The Cossacks wore spotless white shirts, with high collars.
They smelled of smoke. It clung to their huge moustaches. Like thieves, they had wicked faces but they were lit up with kindly smiles, and the little girl was sitting on the knee of one of them. His face was lit up with love, tender love.
'I… have… a… little… girl,' the Cossack said, slowly, in Karz. 'She is pretty. Like you.' His truck full of horses sweltered even though it was night. His mates smoked pipes, and her father sat drinking with them, ramrod straight and slightly twitchy. He was frightened of Cossacks.
It was not Mae's father. The little girl was not Mae.
The Cossack said, 'I send presents to my little girl. She does not always get them. Things are so bad, the postmen take them.' The Cossack shrugged. 'Oh, I miss my little girl. You are happy to live with your father. You are far from the war.'
What war?
The Cossack patted little Miss Hu on her head and let her run back to her father. Her father was plump, smooth-skinned, beardless. He smelled of chives and garlic, not smoke. Miss Hu climbed onto his lap and was covered in kisses as hot and damp as new leaves on tender shoots.
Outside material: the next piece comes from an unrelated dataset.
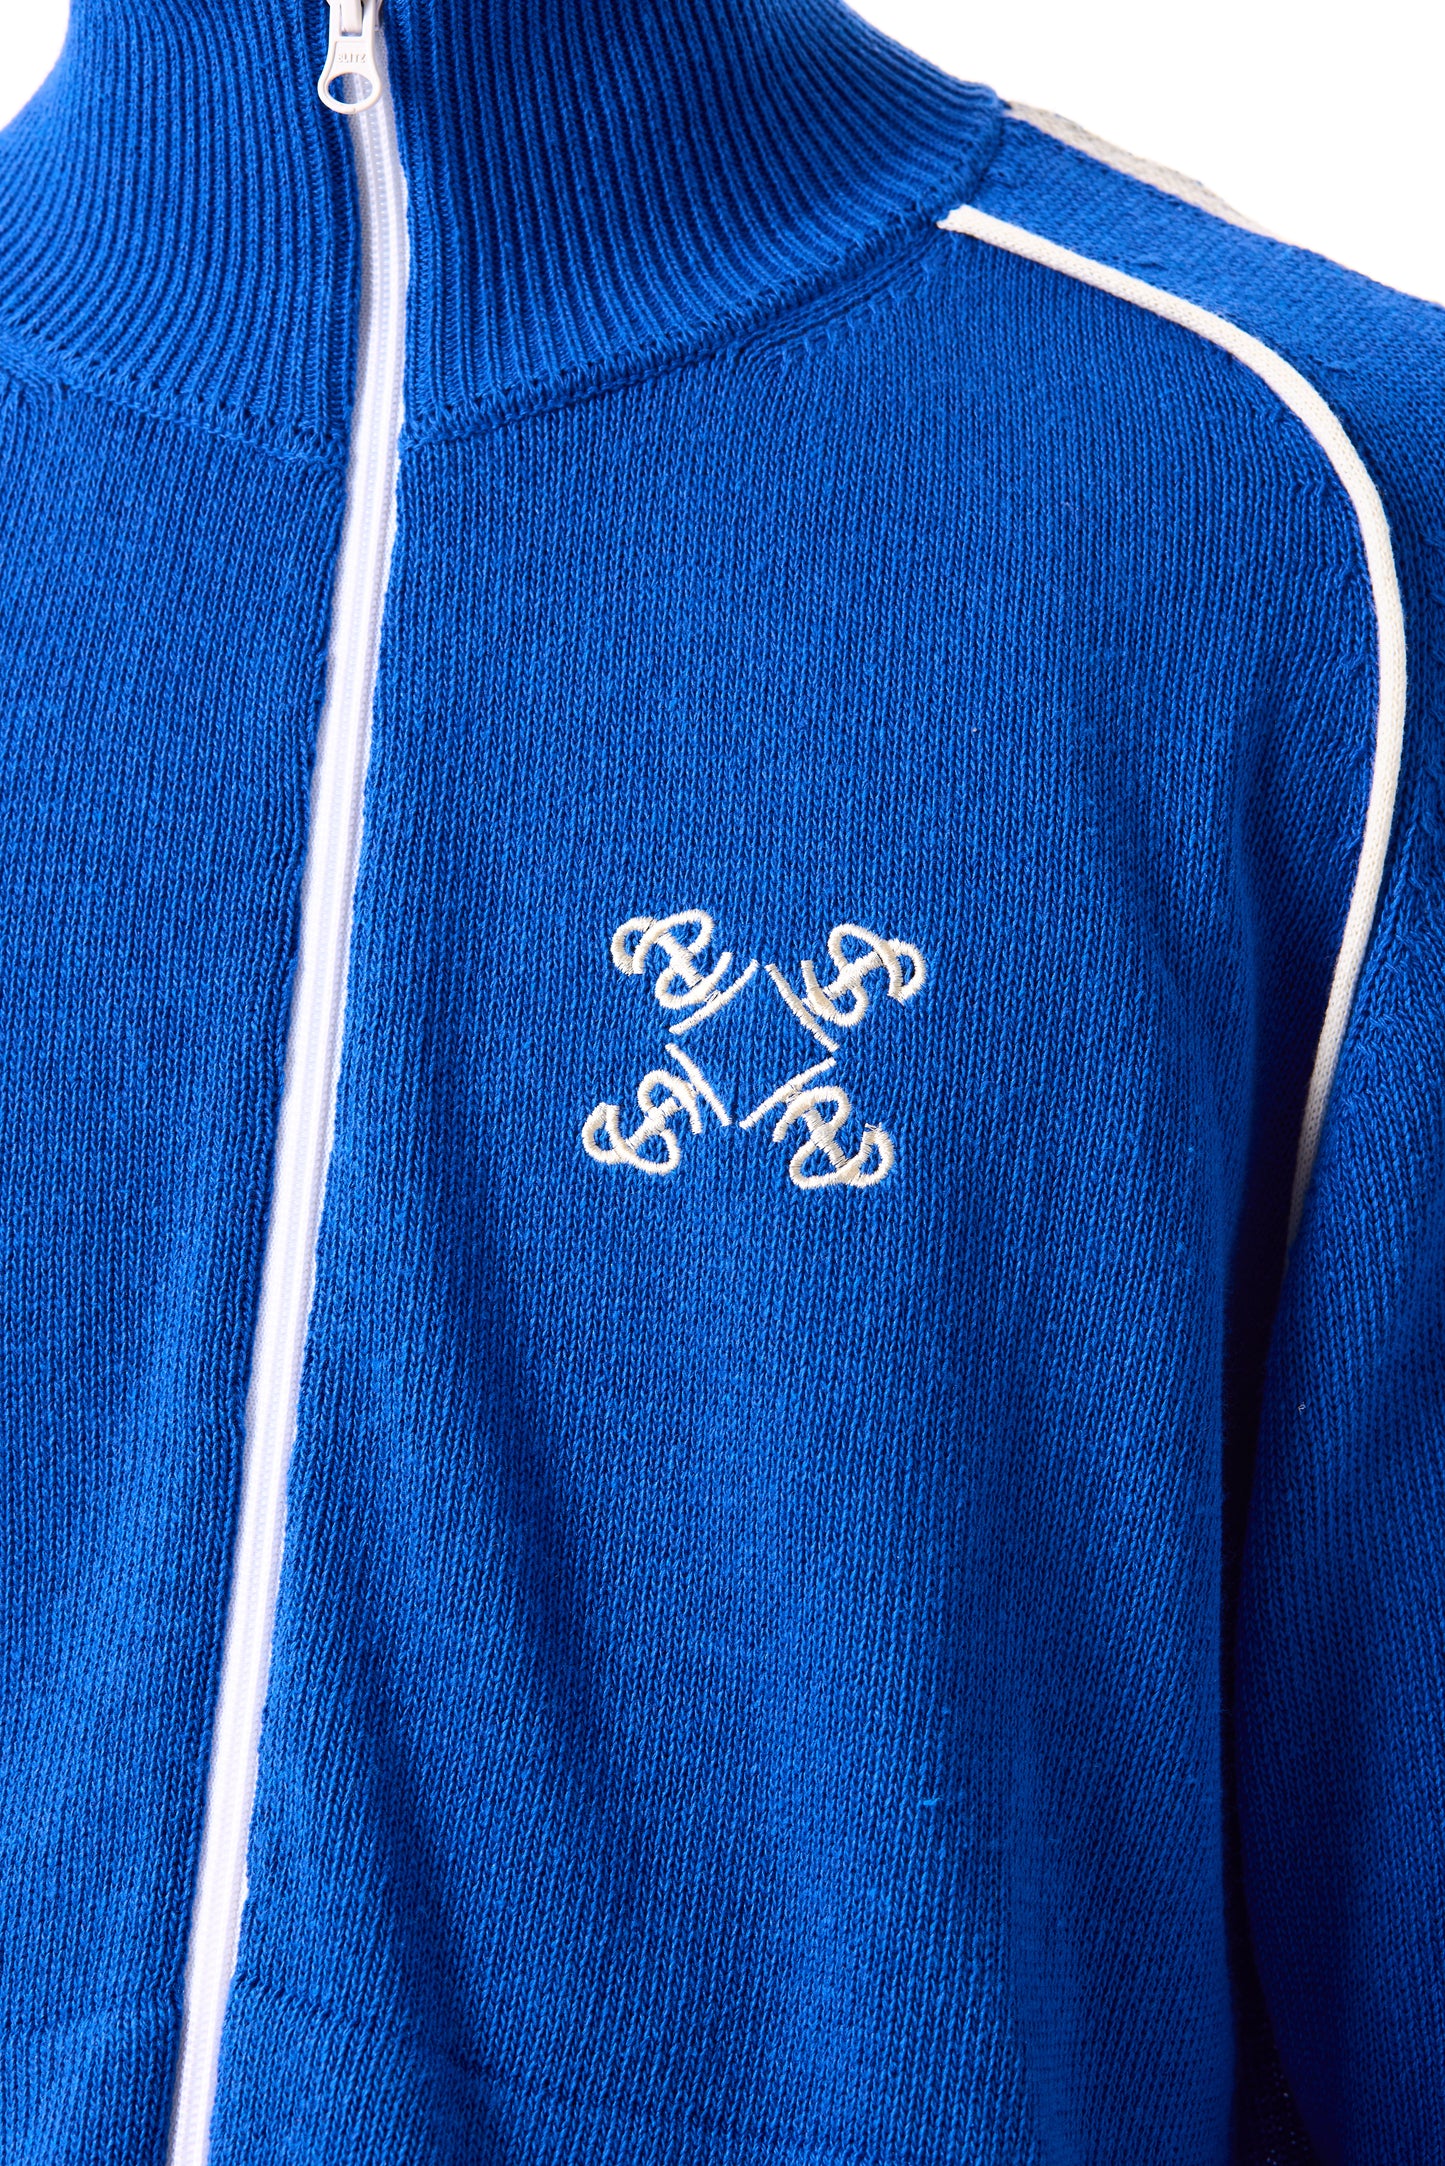 Track Suit Logo SJ Royal Blue

'Ai-ling,' breathed out Mr Hu.
World War Two. This would be, say, 1941.
The town square was dark, except for one streetlight, and there were no tall buildings. Indeed, the square was a terrace of shacks, with men sitting out front, in worn, torn, dusty clothes. Barbershops, bars, spare-parts shops, teahouses. There was a traffic light, and Mae remembered. There was only one traffic light in the whole town.
The Cossack grinned, picked up his viola: It was tiny, unvarnished, with loose wood holding up the strings. The bow was made of horsetail hairs. 'For pretty little girls,' he said.
He played something high, sweet, sad, simple.
'Song says, "Red children, Red children, play.. ."' he explained, and began to sing.
It was a jolly song that made Ai-ling want to dance, jolly but somehow sad. She thought it was the most beautiful thing she had ever heard. She wanted to remember it forever and ever. She beamed up in delight, wonder, at her father, who smiled down indulgently.
And little Ai-ling began to dance. She held out her arms, and spun, wearing her best town dress, a stiff froth of lace, her hair in ribbons, so pretty, little princess, spinning and spinning. The Cossacks, as hard as the roads, melted as if in rain. 'Ahhhh!' they sighed, for all things homely and beautiful. The moment came that Miss Hu loved, when she ceased to be shy. Then she could really dance.
So she really danced, knowing herself to be little and pretty and sweet. All the Cossacks began to sing the song together, enraptured by the sight of a pretty little girl, of home. Some of them came from other fires, with mandolins. The music mounted. Little Ai-ling fell back into shyness, and stopped, and hid her head in her father's trousers. The Horsemen laughed with love.
Mae was rocked like a little paper boat cast out onto the ocean.
The music changed. It rattled. It was Balshang music on the radio, with a roar of engine and harsh sunlight.
Mae was sick again, waves of nausea. She wanted to say: Stop, I need to be sick.
See? See? said Old Mrs Tung. See what you are destroying?